*** Begin section ***
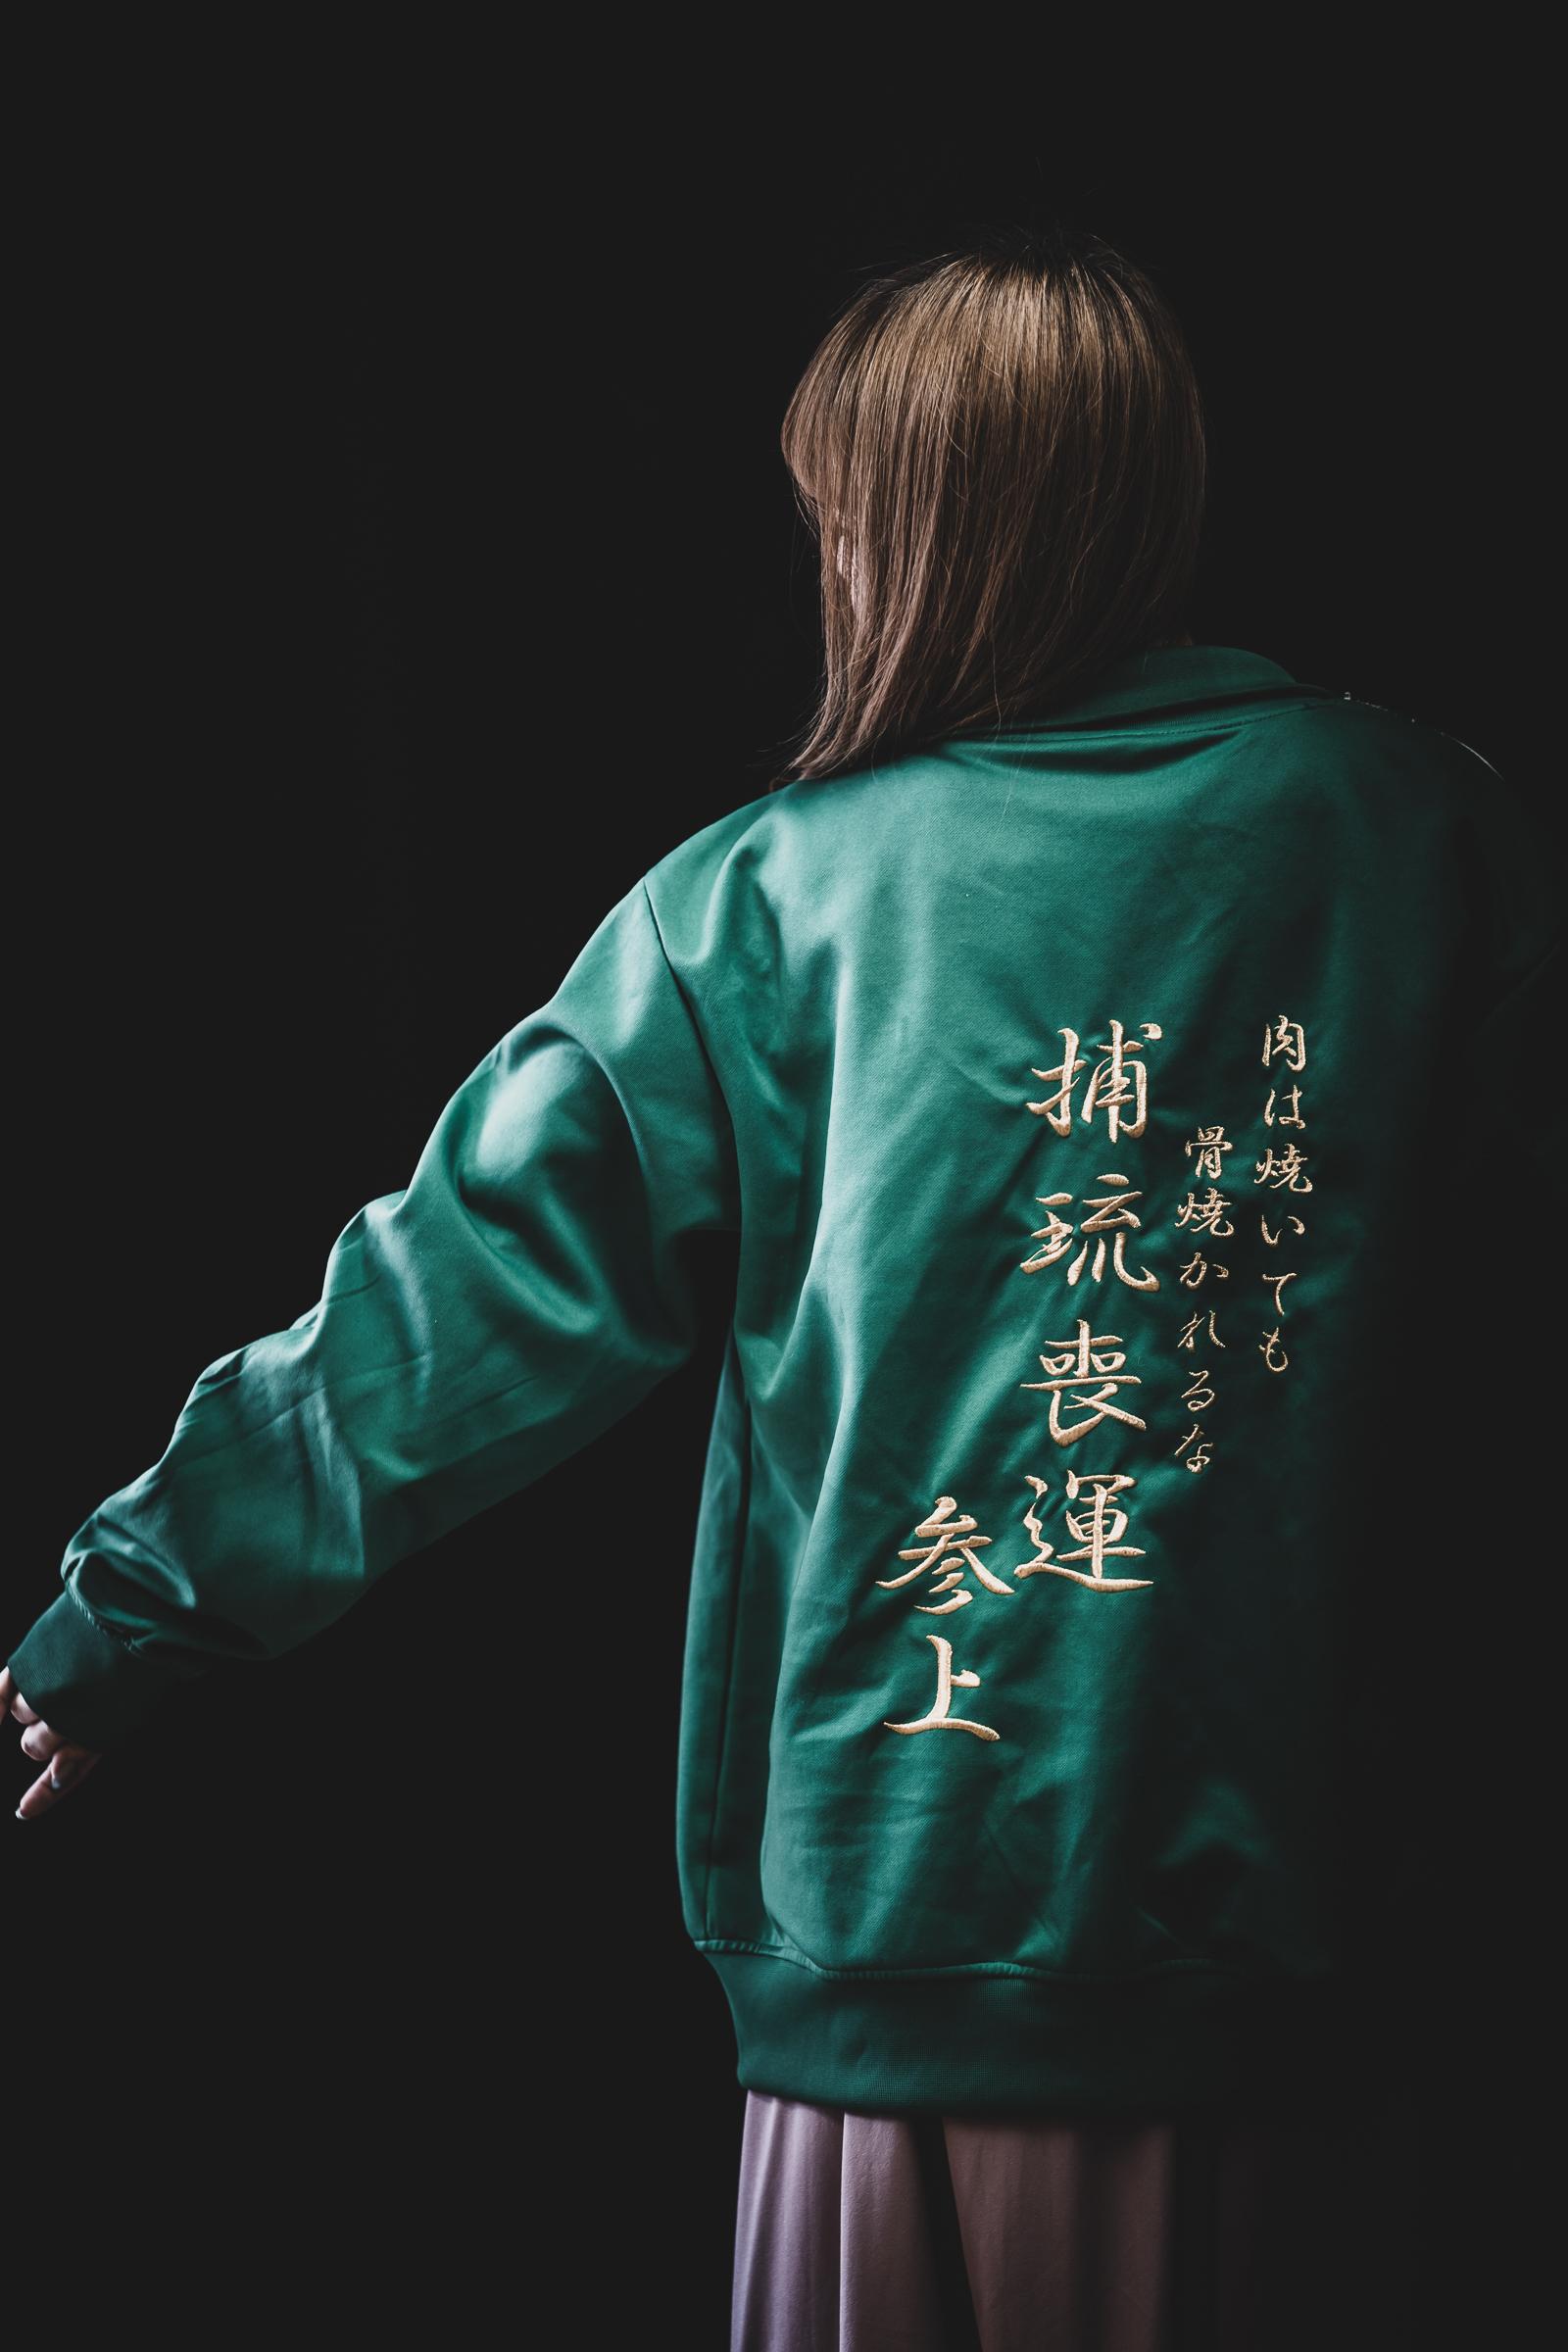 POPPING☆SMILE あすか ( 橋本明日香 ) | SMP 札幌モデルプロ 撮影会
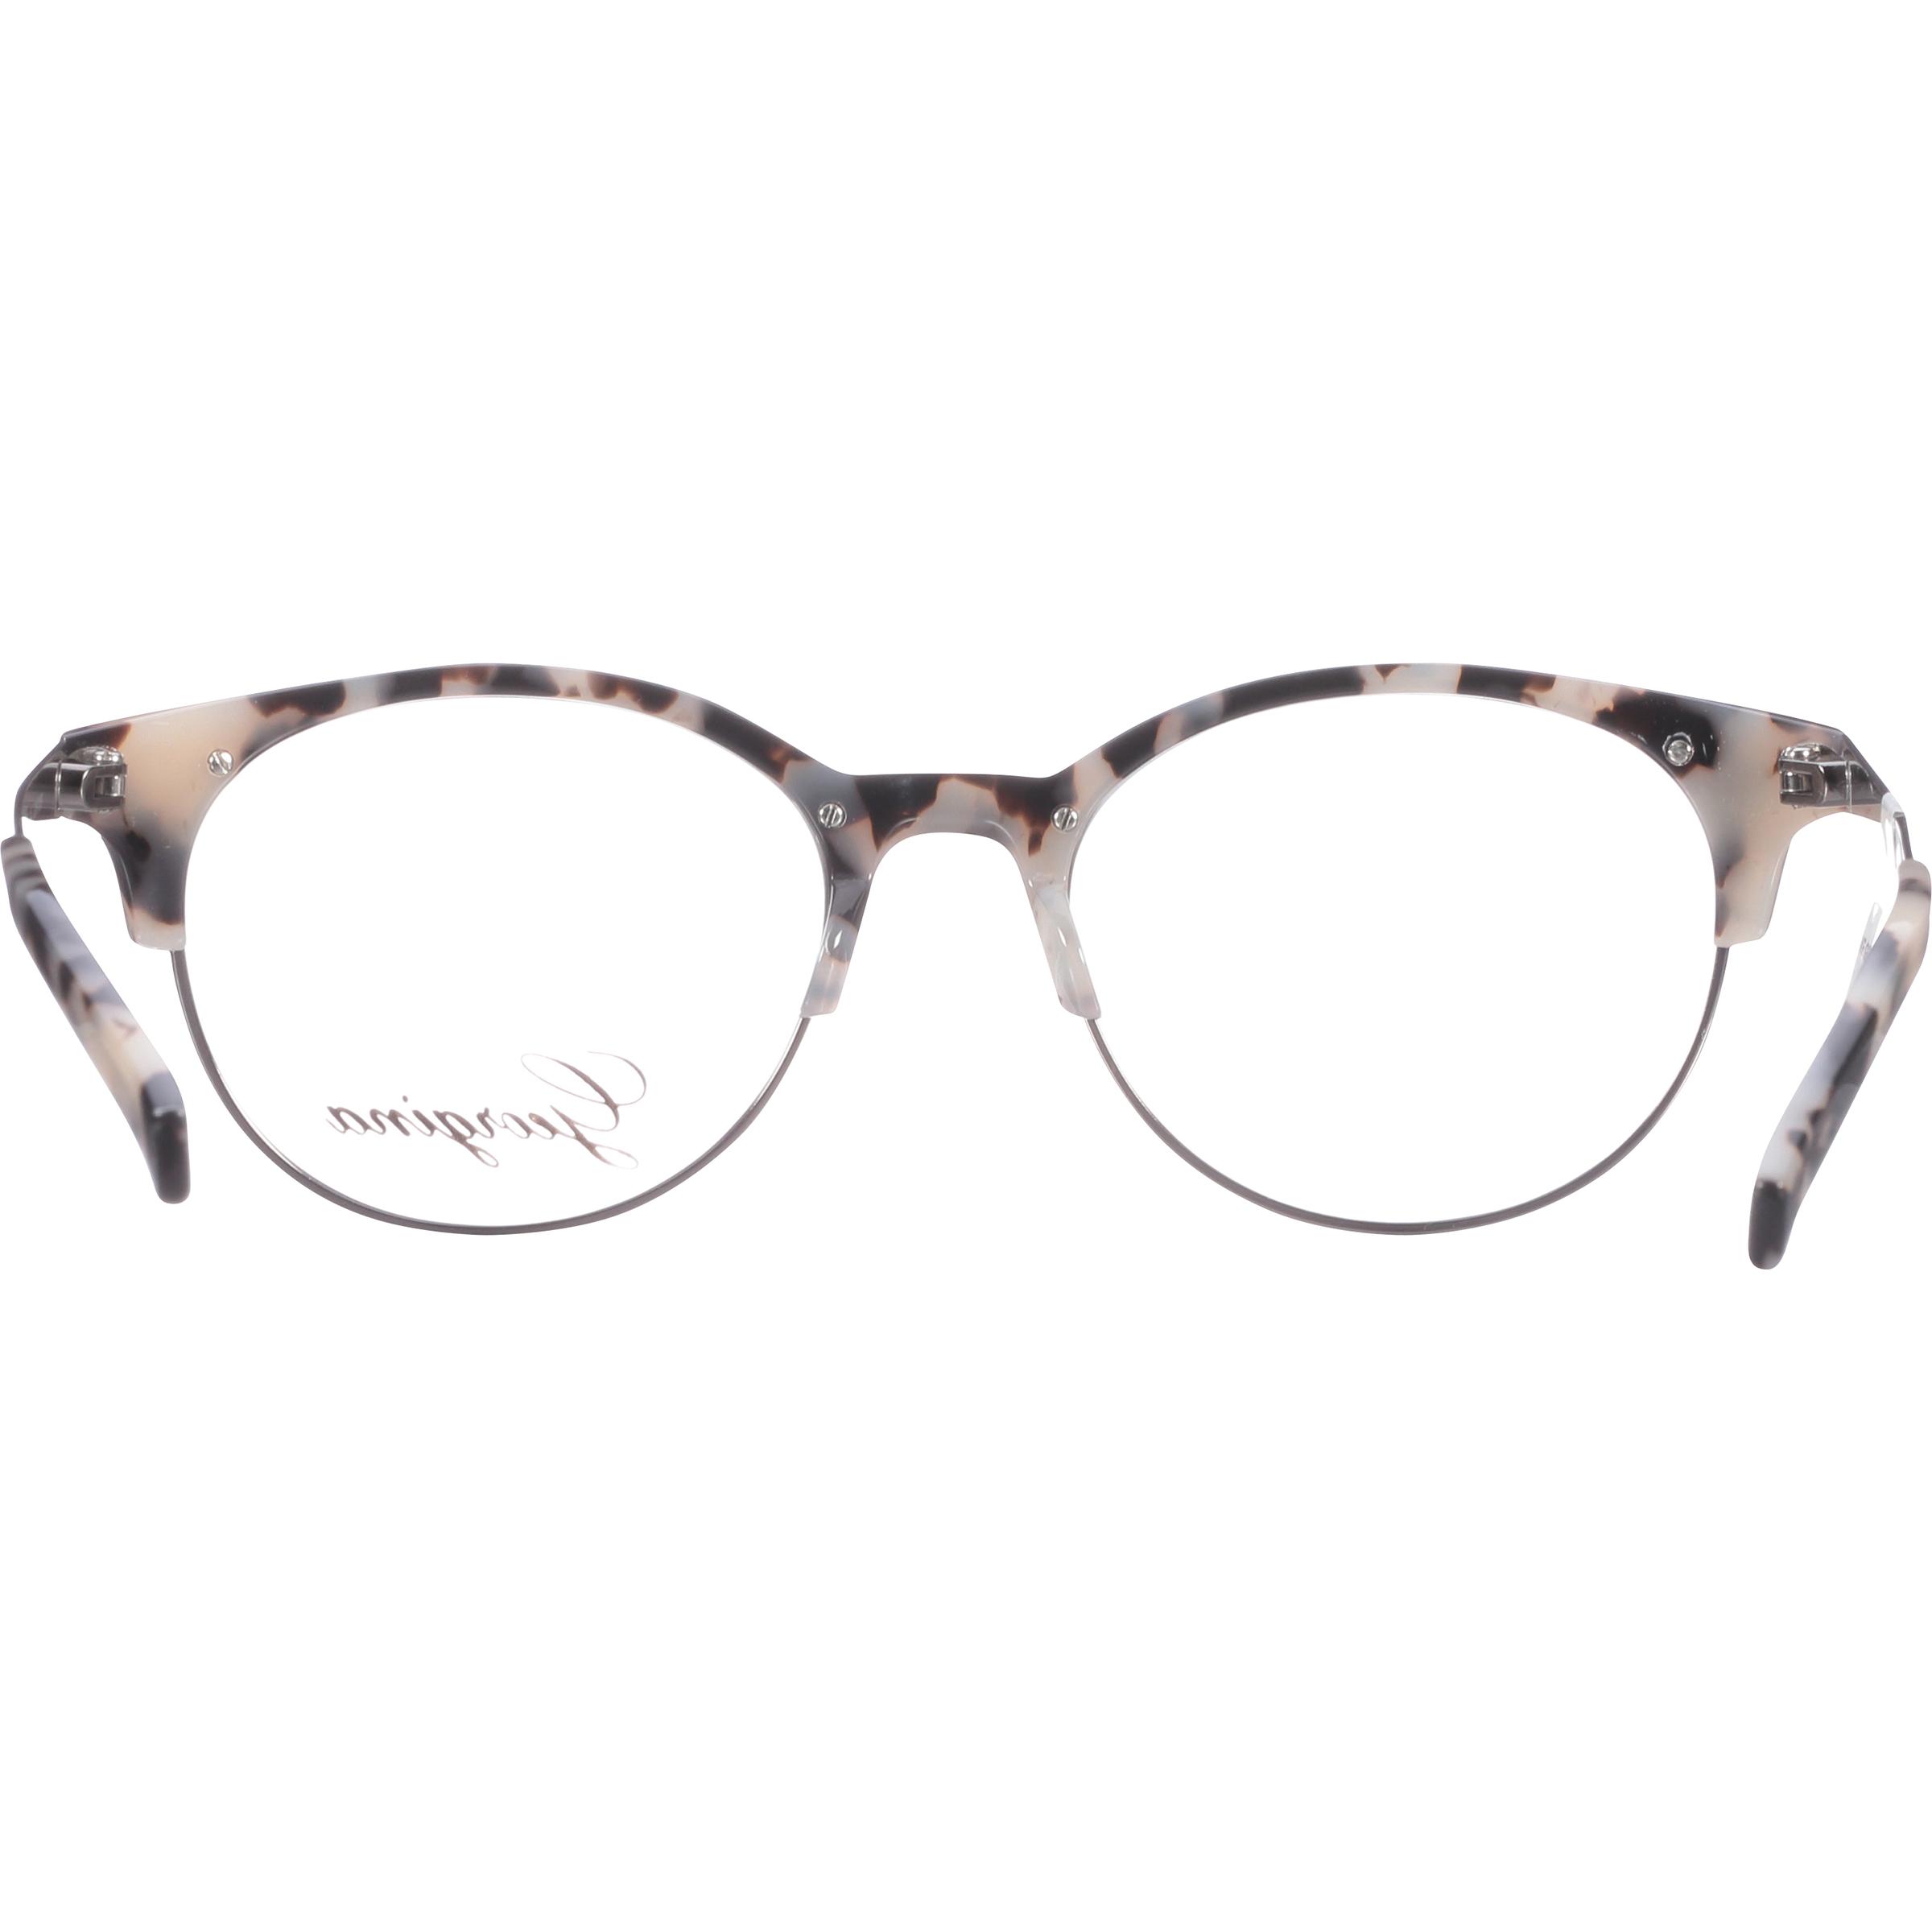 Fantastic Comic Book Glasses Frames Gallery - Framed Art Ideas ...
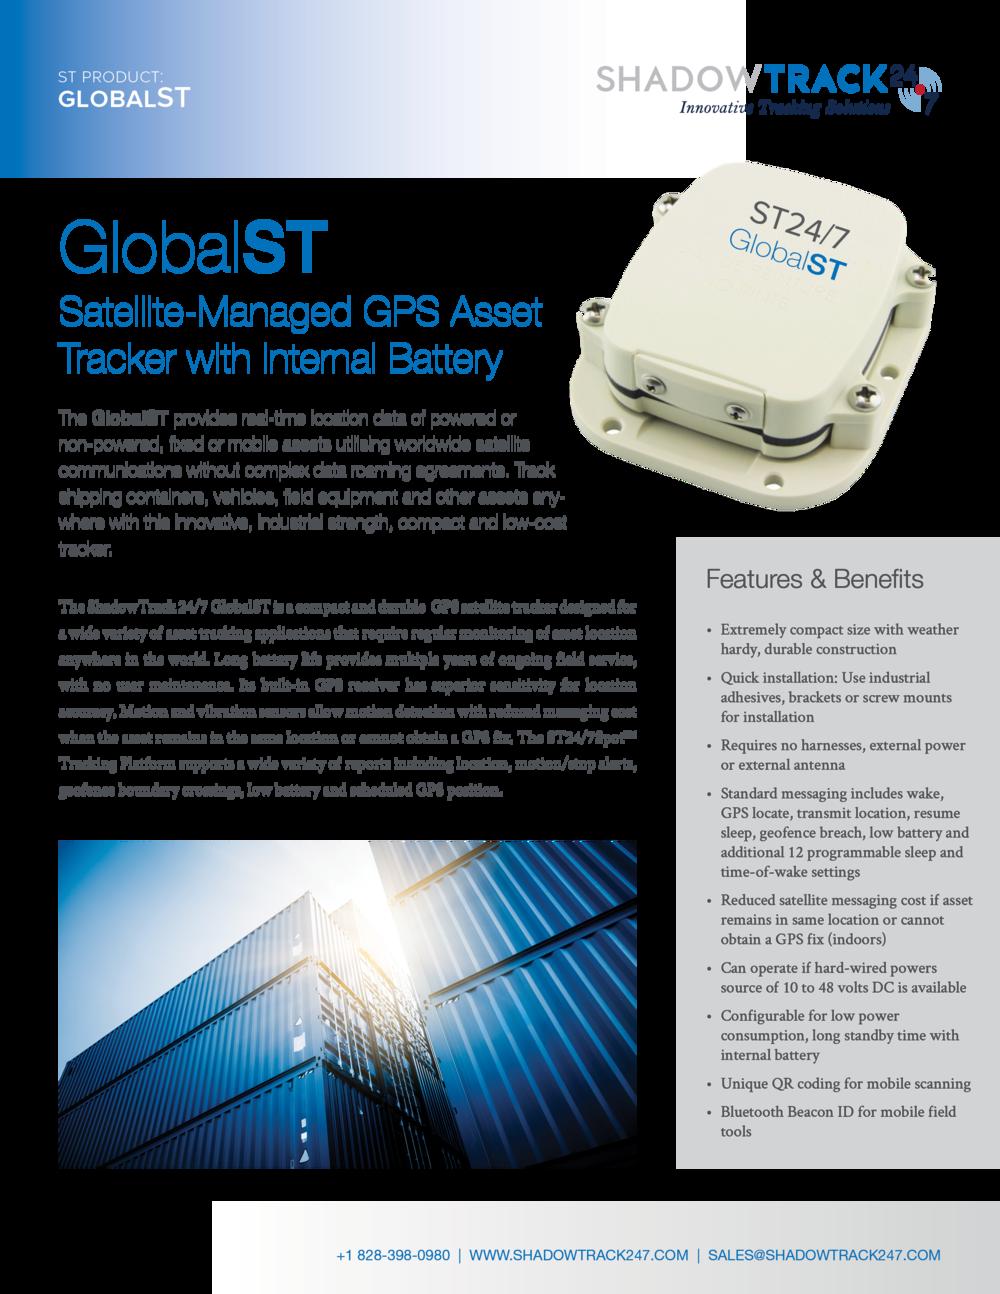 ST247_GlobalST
*** End section ***
**Instructions for the task:**
Take the listing above and retype it exactly. Its pictures are to be omitted.

**Exercise result:**
 POPPING☆SMILE あすか ( 橋本明日香 ) | SMP 札幌モデルプロ 撮影会
 Fantastic Comic Book Glasses Frames Gallery - Framed Art Ideas ...
 ST247_GlobalST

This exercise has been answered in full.